Our meta-analysis has several limitations. First, there was high inhomogeneity among the reported data, especially considering major complications (I2 = 82.87%), which is mainly attributable to the lack of using a standardized reporting system. While we classified reported complications retrospectively, future investigators should use a standardized classification system that ideally also considers the long-term outcomes of these complications [43]. Secondly, the inconsistent use of the term ‘cryoshock’ slightly distorts the pooled incidence. While our meta-analysis included every instance classified as cryoshock, some cases likely did not involve actual cryoshock (e.g., Littrup et al.). Therefore, the pooled proportion would likely be even lower than the 0.265% reported here. Third, we did not include case reports of cryoshock in our meta-analysis [44], given their lack of insight into the frequency of this complication within a cohort. Thus, on the other hand, our study may not encompass all published incidences of cryoshocks. Additionally, missing data might have impacted specific aspects of our analysis (e.g., the moderator analysis), potentially introducing further bias.
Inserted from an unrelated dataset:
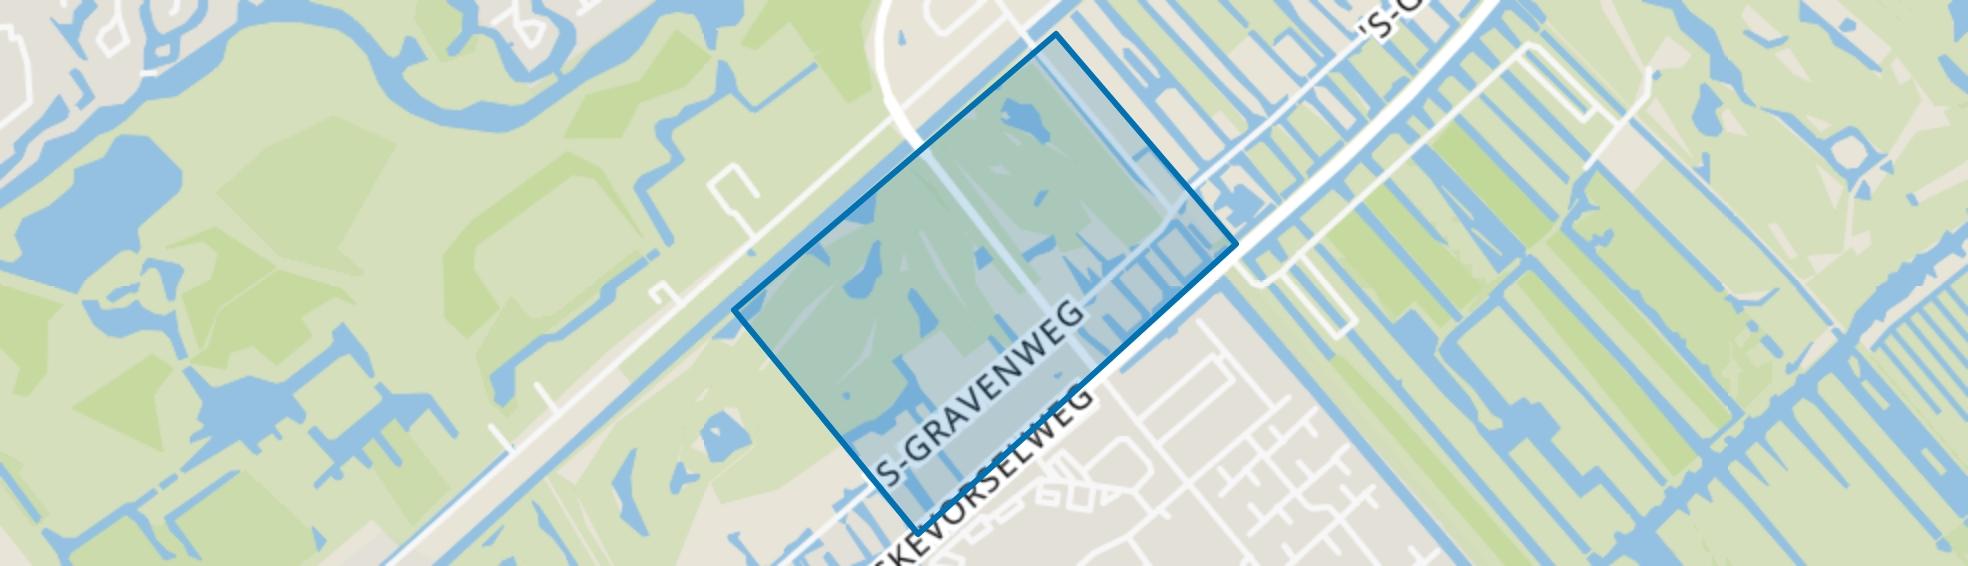 Klinkert, Capelle aan den IJssel map

In conclusion, cryoablation for treating hepatic lesions is a safe procedure with a pooled proportion of major complications below 5%. With an incidence of less than 0.3%, potentially fatal cryoshock is rare and has not been reported in lesions smaller than 3 cm included in this study.

Funding

Open Access funding enabled and organized by Projekt DEAL. This study was not supported by any funding.

Declarations

Conflict of interest

Timo A. Auer, Matthias Fürstner and Bernhard Gebauer received honoraria and travel expenses from Boston Scientific, USA in the past. All other authors who took part in this study declared that they do not have anything to disclose regarding funding or conflict of interest with respect to this manuscript.

Ethical approval

For this type of study formal consent is not required.

Consent for publication

For this type of study consent for publication is not required.

Informed consent

For this type of study informed consent is not required.